Supplied data →
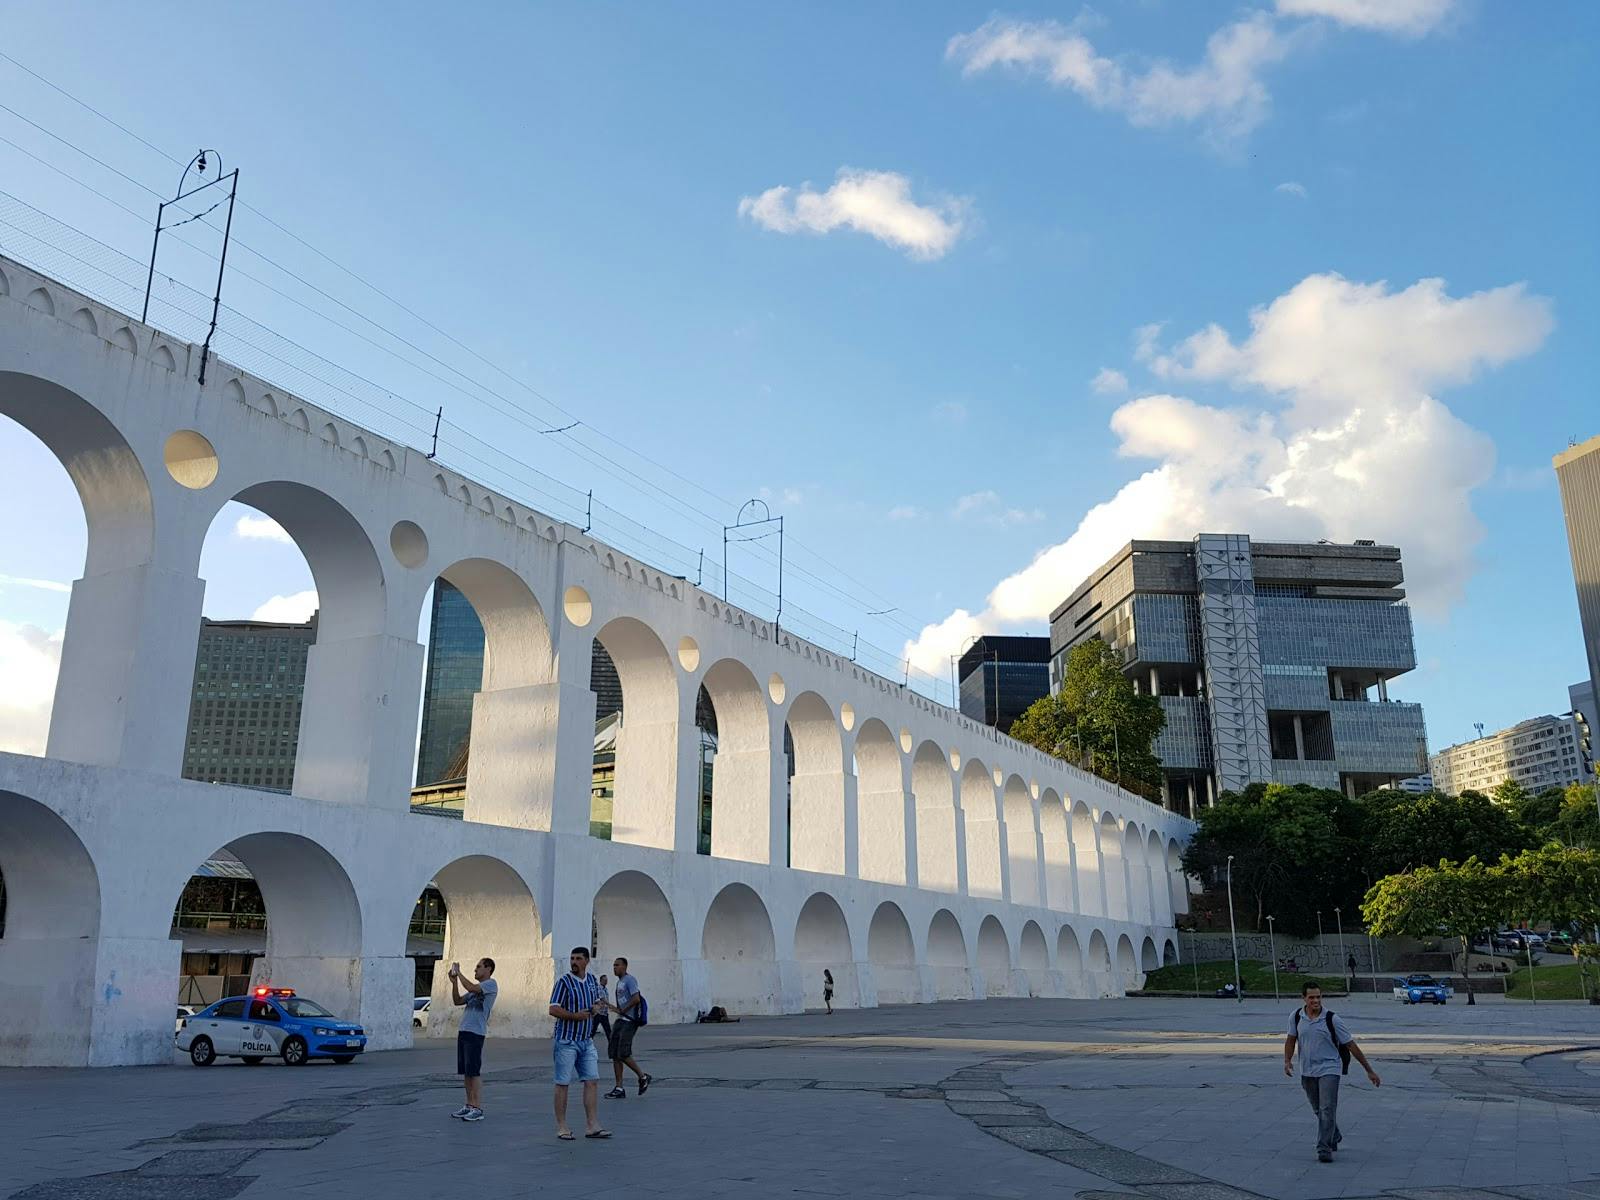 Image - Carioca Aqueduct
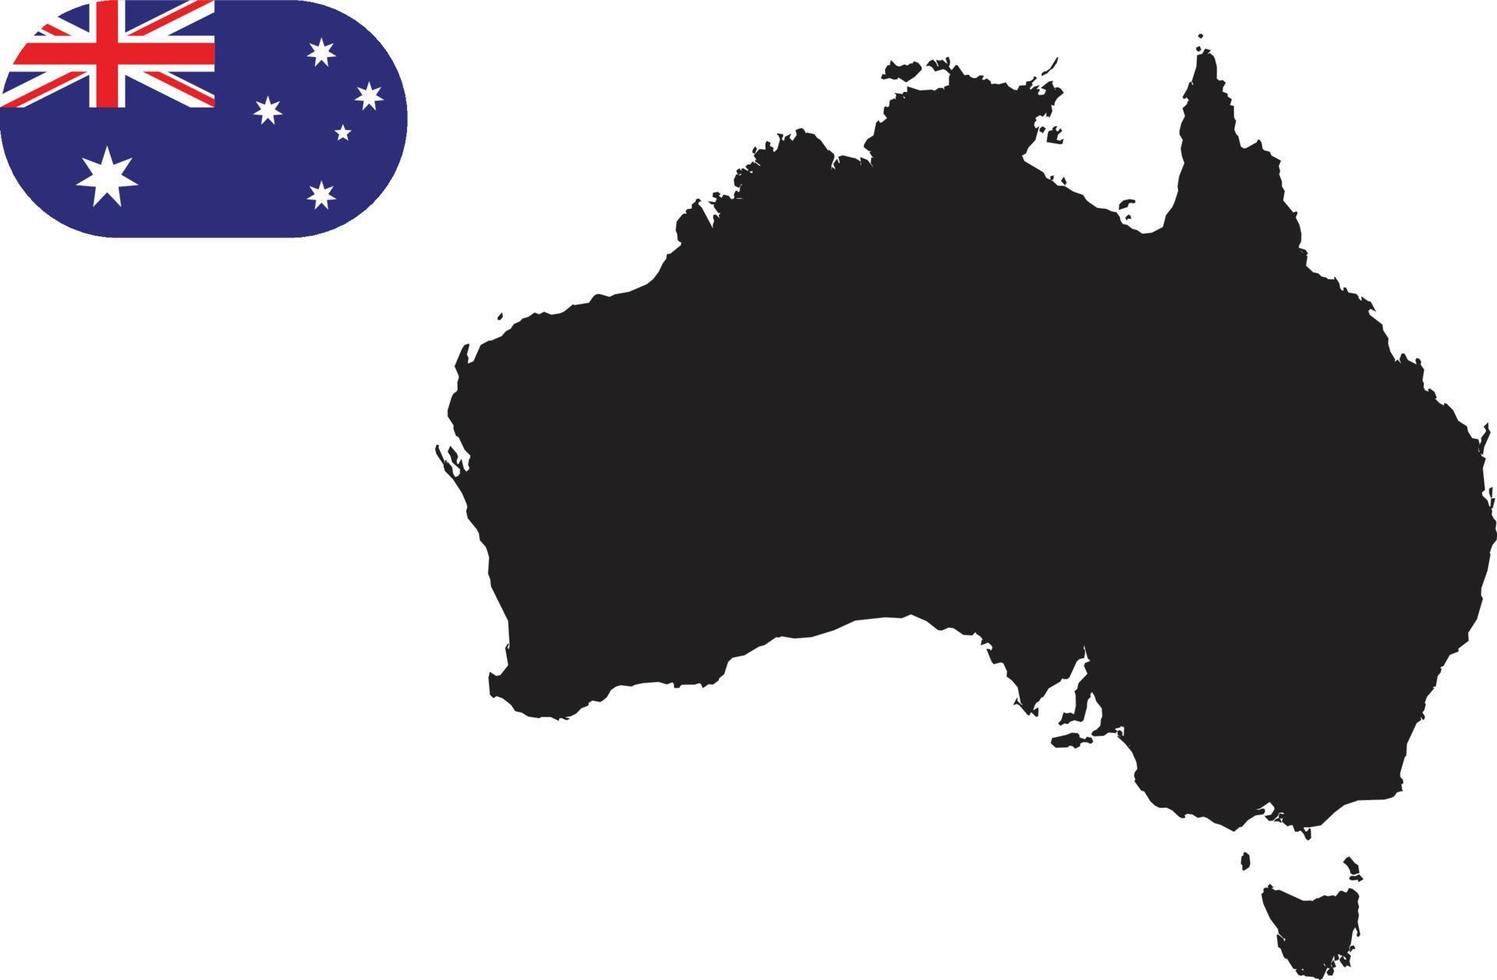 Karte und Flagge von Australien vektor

---

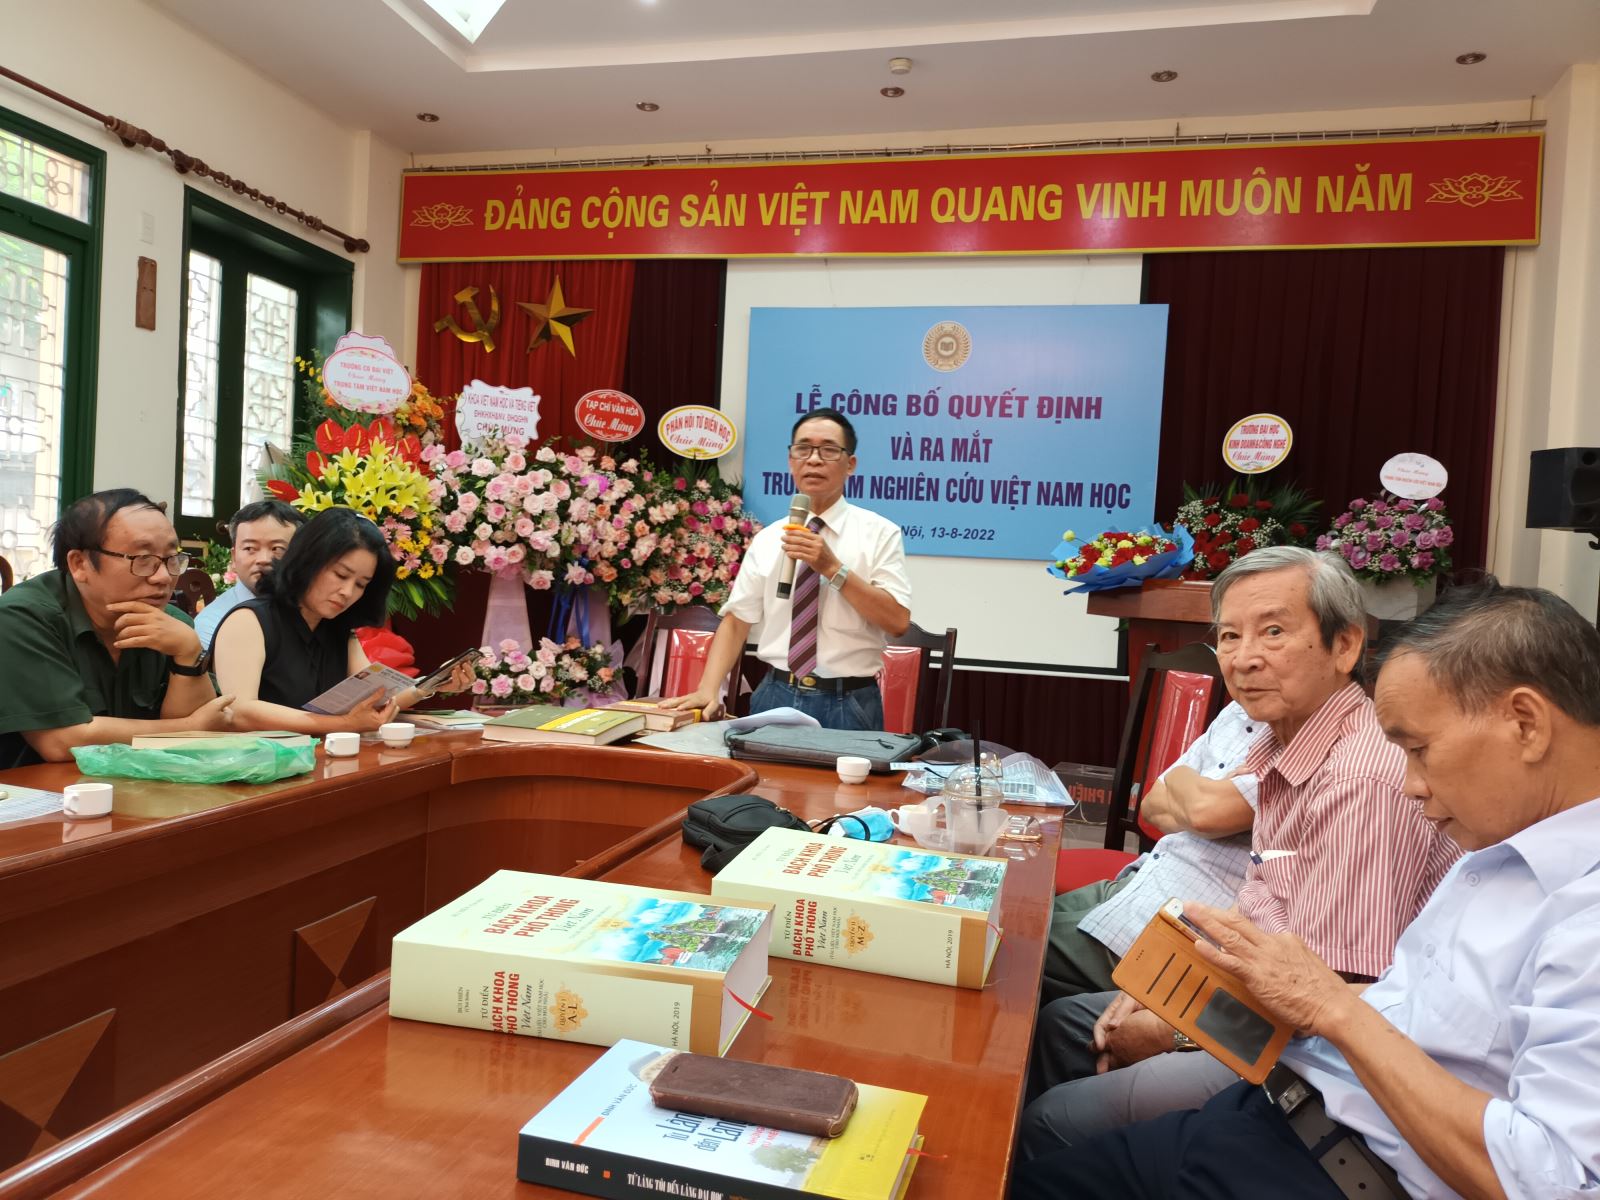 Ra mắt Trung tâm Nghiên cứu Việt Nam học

--

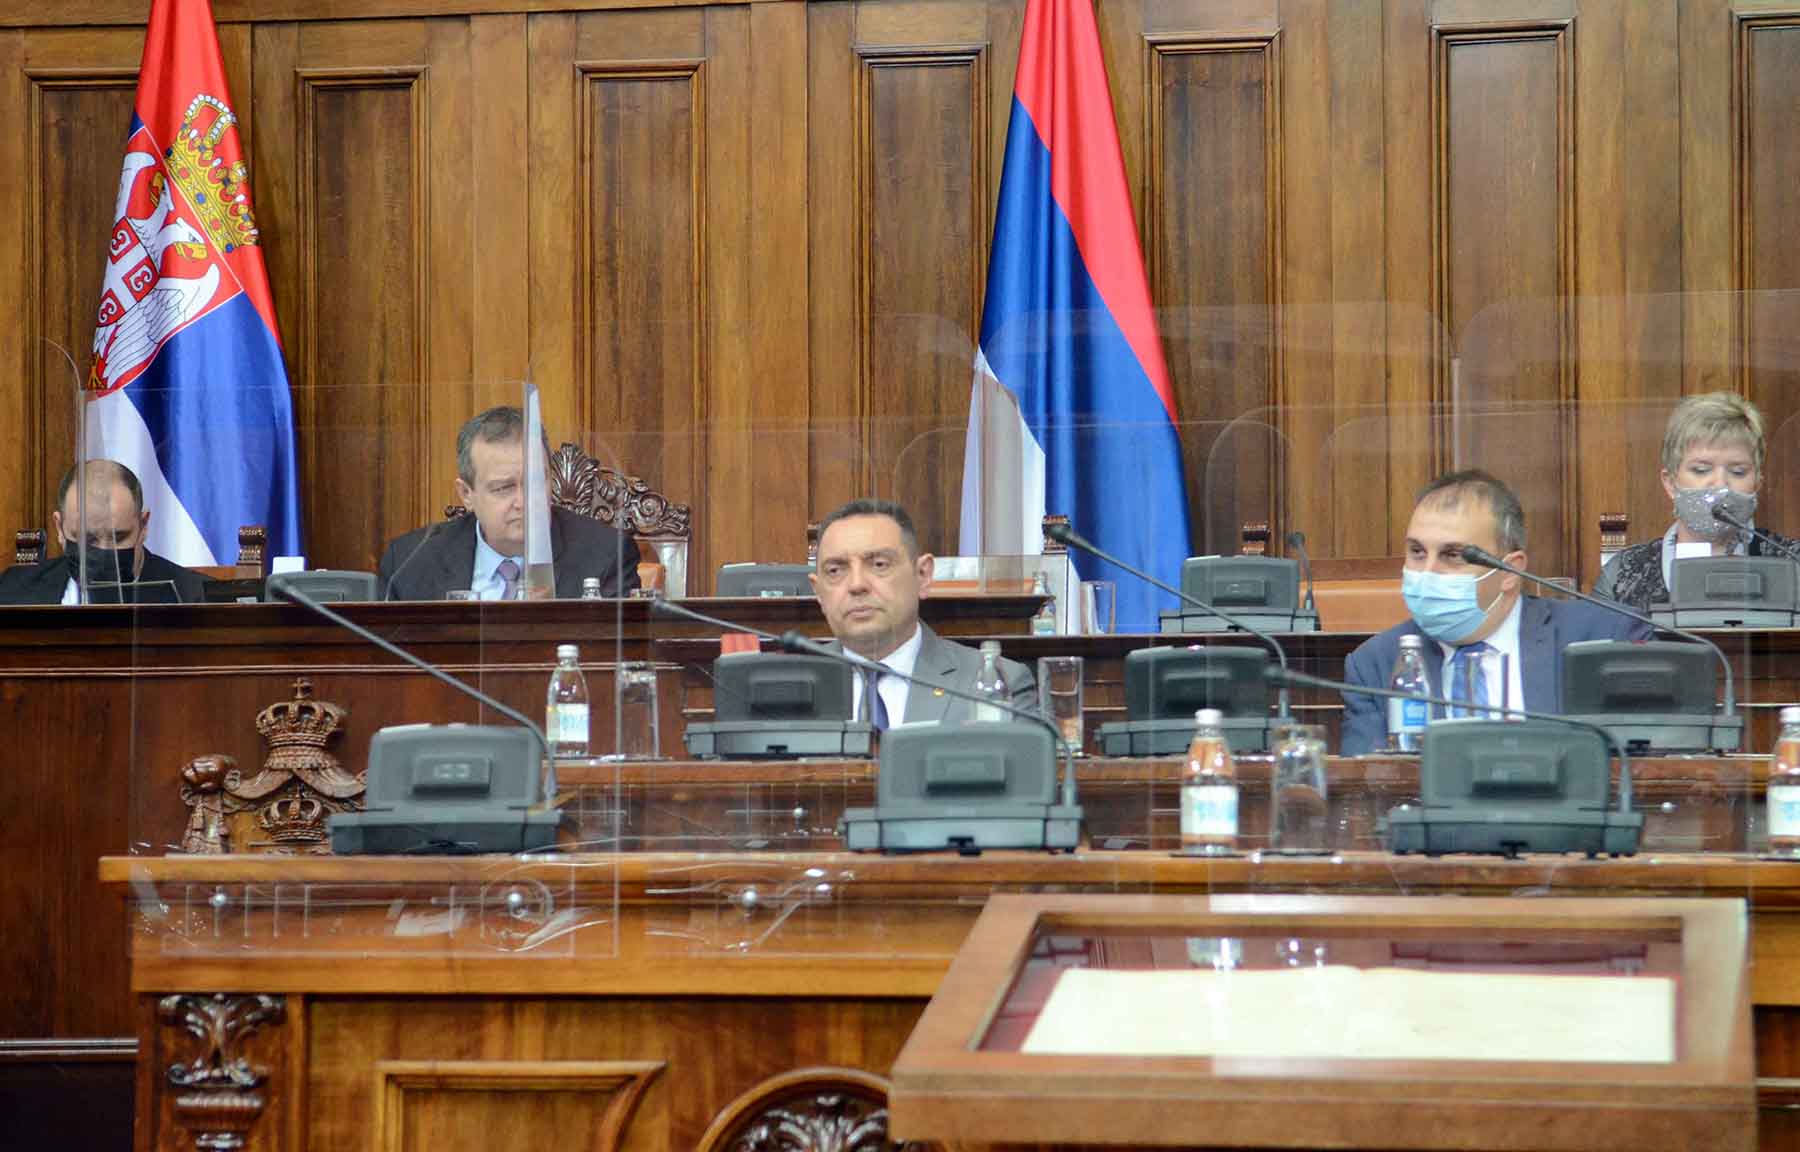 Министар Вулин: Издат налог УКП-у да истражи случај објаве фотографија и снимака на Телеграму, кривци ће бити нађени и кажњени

Task →
What lines above run from the one with "Image - Carioca Aqueduct" to the one with "Karte und Flagge von Australien vektor"? Give them again exactly, ends included, and leave the pictures out.

Solution below →
 Image - Carioca Aqueduct
 Karte und Flagge von Australien vektor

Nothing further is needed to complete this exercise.